Он потирает руки, словно собирается высечь ими огонь. Я бы не удивилась, если бы у мистера К. это в самом деле получилось.
Делаю крошечный шаг назад.
– Я правда ничего не знаю. Но могу поспрашивать.
Лучше бы он поинтересовался мной или моей карьерой, а не беспокоился о Джиджи.
Мы оба знаем, что моя последняя фраза – угроза, а не одолжение. Мистер К. качает головой и уходит. Как только он исчезает в коридоре, я кричу, закрывая рот свитером.
Дом Алека выглядит так же, как и всегда, – только украшений ко дню рождения прибавилось. Хорошенький домик в Верхнем Ист-Сайде между Мэдисон-стрит и Пятой авеню. Куда лучше, чем мой. Хотя моя мама в этом никогда не признается.
Когда мы подходим к двери, мистер Лукас обнимает меня только одной рукой и не целует в щеку, как делал раньше. Рука его новой жены так холодна, что я дрожу под ее прикосновением. Сестра Алека, Софи, которая раньше упрашивала меня помочь ей с косметикой или пируэтами, рассеянно машет мне рукой. И все. В зале полно важных танцоров, все как на подбор, и каждый разменивает уже третий, а то и четвертый коктейль за вечер. Кроме меня, учеников здесь нет. Даже драгоценной Джиджи. Большинство из нас совсем не важны – только если не происходим из известной семьи, семьи с историей. Спасибо Адель. И деньгам моей бабушки.
– Алек наверху, – роняет мистер Лукас, а потом наклоняется, чтобы обнять Адель и поздравить ее с последним выступлением. Он даже цитирует статью из «Нью-Йорк таймс».
Его нелепая жена громко смеется, словно Адель настоящая звезда. Впрочем, в мире балета – пожалуй. Я тоже ей стану. Однажды. И они все будут жалеть о том, как со мной обходились.
– А он… хочет меня видеть?
По их лицам я понимаю, как нелепо это прозвучало. Не жду ответа – поднимаюсь наверх, как делала каждый День благодарения, Рождество или день рождения, хотя Алек теперь любит другую, а я одинока.
Дверь распахнута настежь, и я замечаю его раньше, чем он меня. Он очень красив – всегда, но сейчас особенно. Может, все дело в его обычной одежде, но он выглядит так по-мальчишески, так… реально, что я почти задыхаюсь. А когда обретаю способность дышать, вдох превращается в слезы.

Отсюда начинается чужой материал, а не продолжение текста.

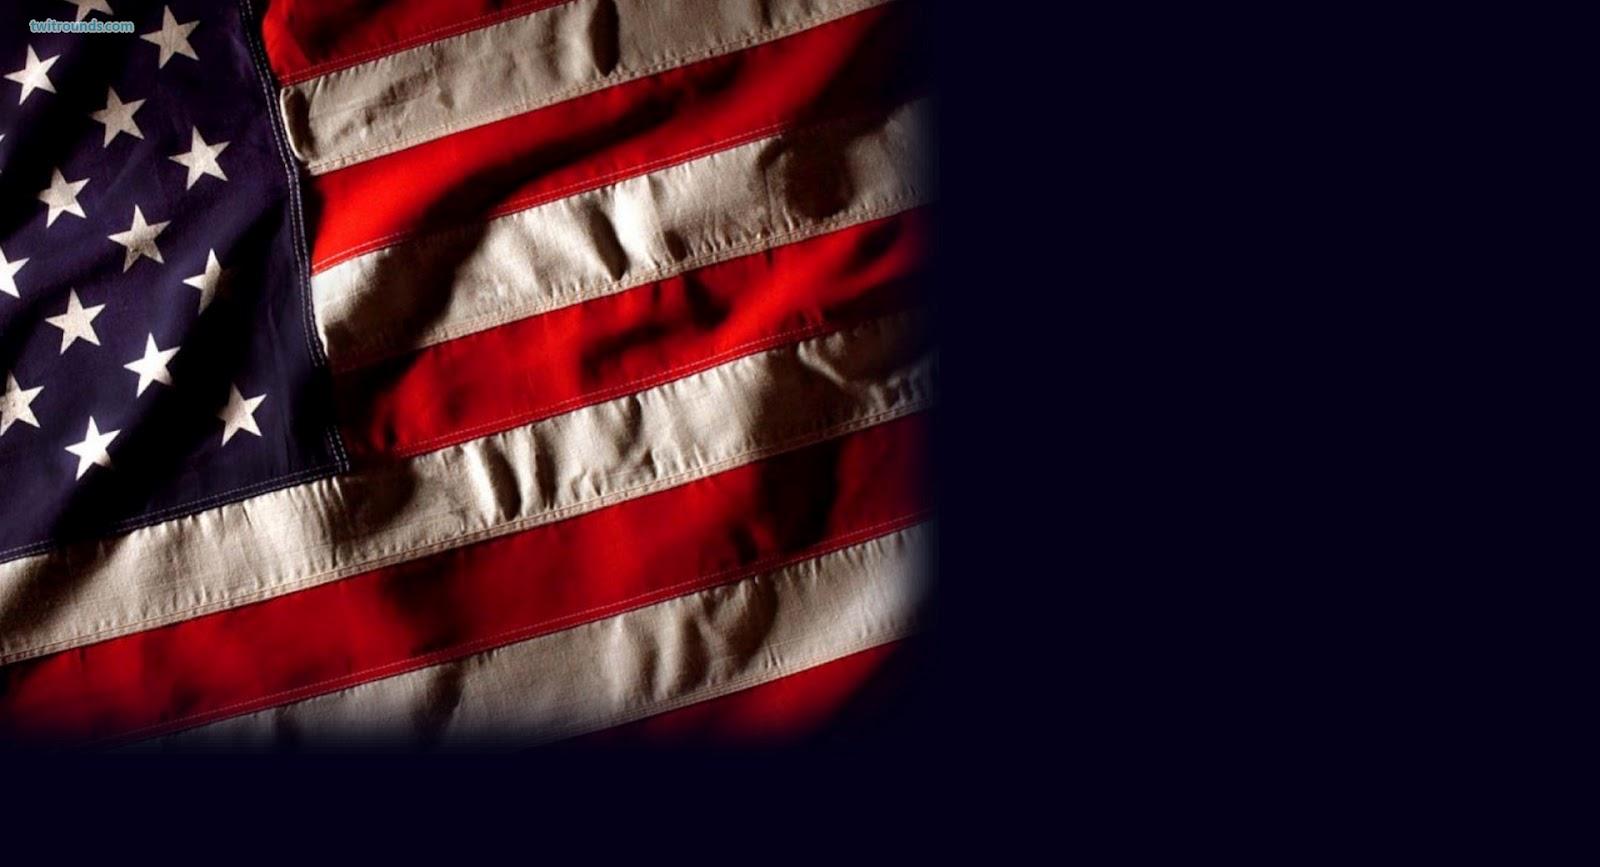 American Flag Design PPT Backgrounds

И тогда Алек меня замечает.
Я стараюсь не выть, просто тихонько плакать, раз уж он меня поймал. Но я пару раз хлюпаю носом, а потом начинаю реветь. Я не плакала вот так – громко и непростительно – с того самого Рождества, когда от нас ушел отец. Вспоминаю об этом и начинаю плакать еще сильнее. Я практически заново переживаю все эти ужасные дни: колено болит, за окном апрельский снег, а я реву.
– Господи, что такое? Что случилось? Твоя мама…

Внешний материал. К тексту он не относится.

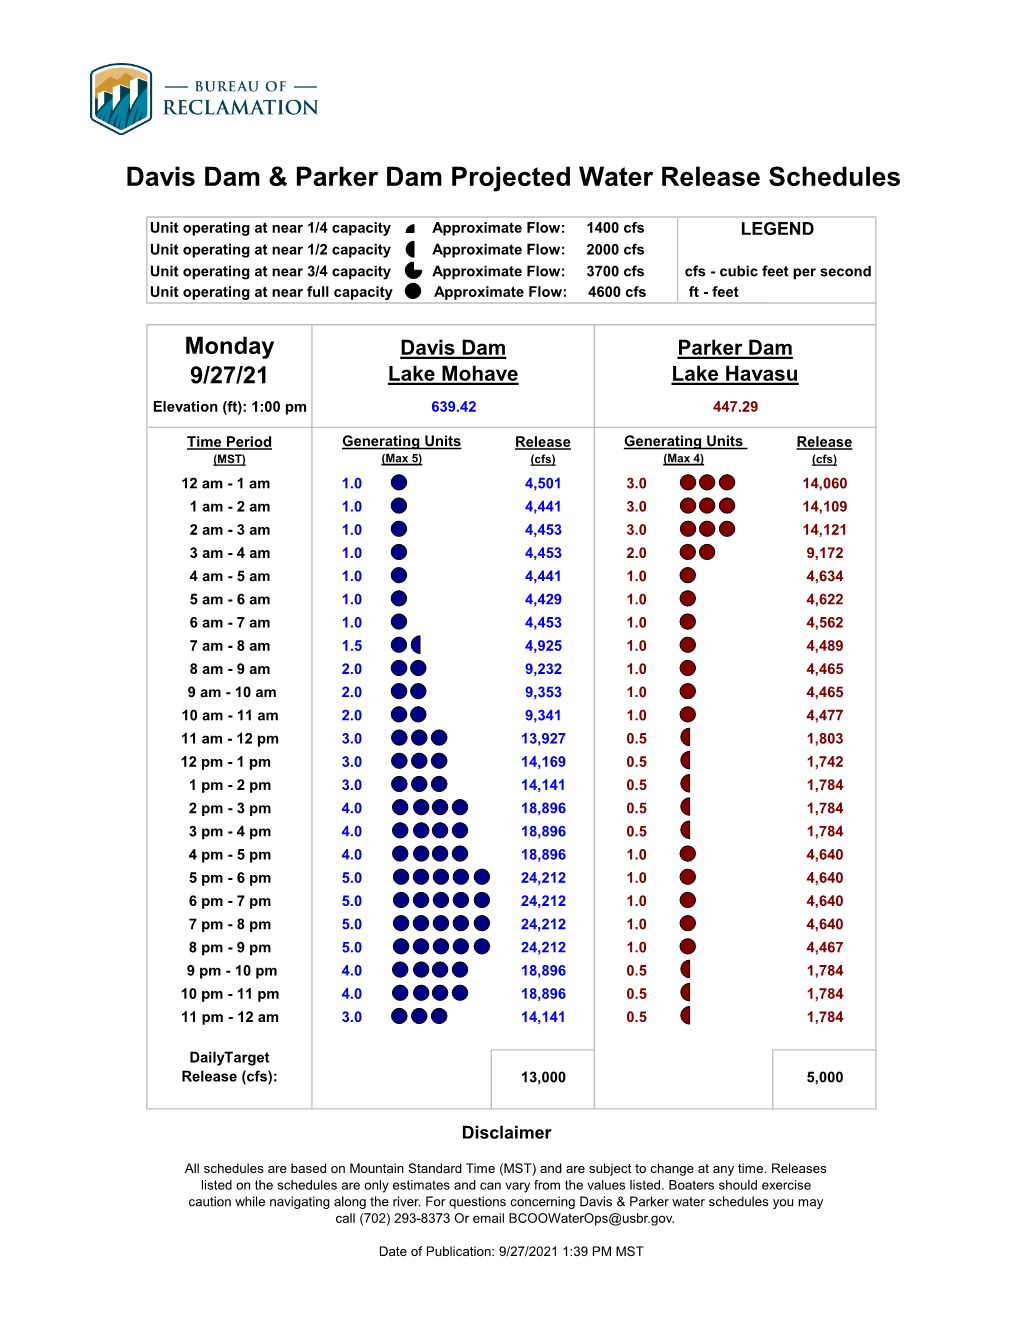 Davis & Parker Dam Projected Water Release Schedules DocsLib

Алек обнимает меня. Я плачу, уткнувшись ему в плечо, – на его белой рубашке останутся следы. Он гладит меня по спине и успокаивает. Его дыхание горячит мне ухо. Еще чуть ниже – и он бы его поцеловал, потом переключился бы на шею. Это так знакомо, что я даже удивляюсь, почему Алек всего этого не делает.
– Все случилось, – шепчу, хотя нужды в этом нет.
Внизу громко смеются, чокаются бокалами, обсуждают все на свете, перекрикивают друг друга. Голос Адель звучит яснее всех. Занимает больше всего места.
– Что она сделала?
Алек думает, что во всем виновата моя мать. Хотя на этот раз – она лишь часть проблемы.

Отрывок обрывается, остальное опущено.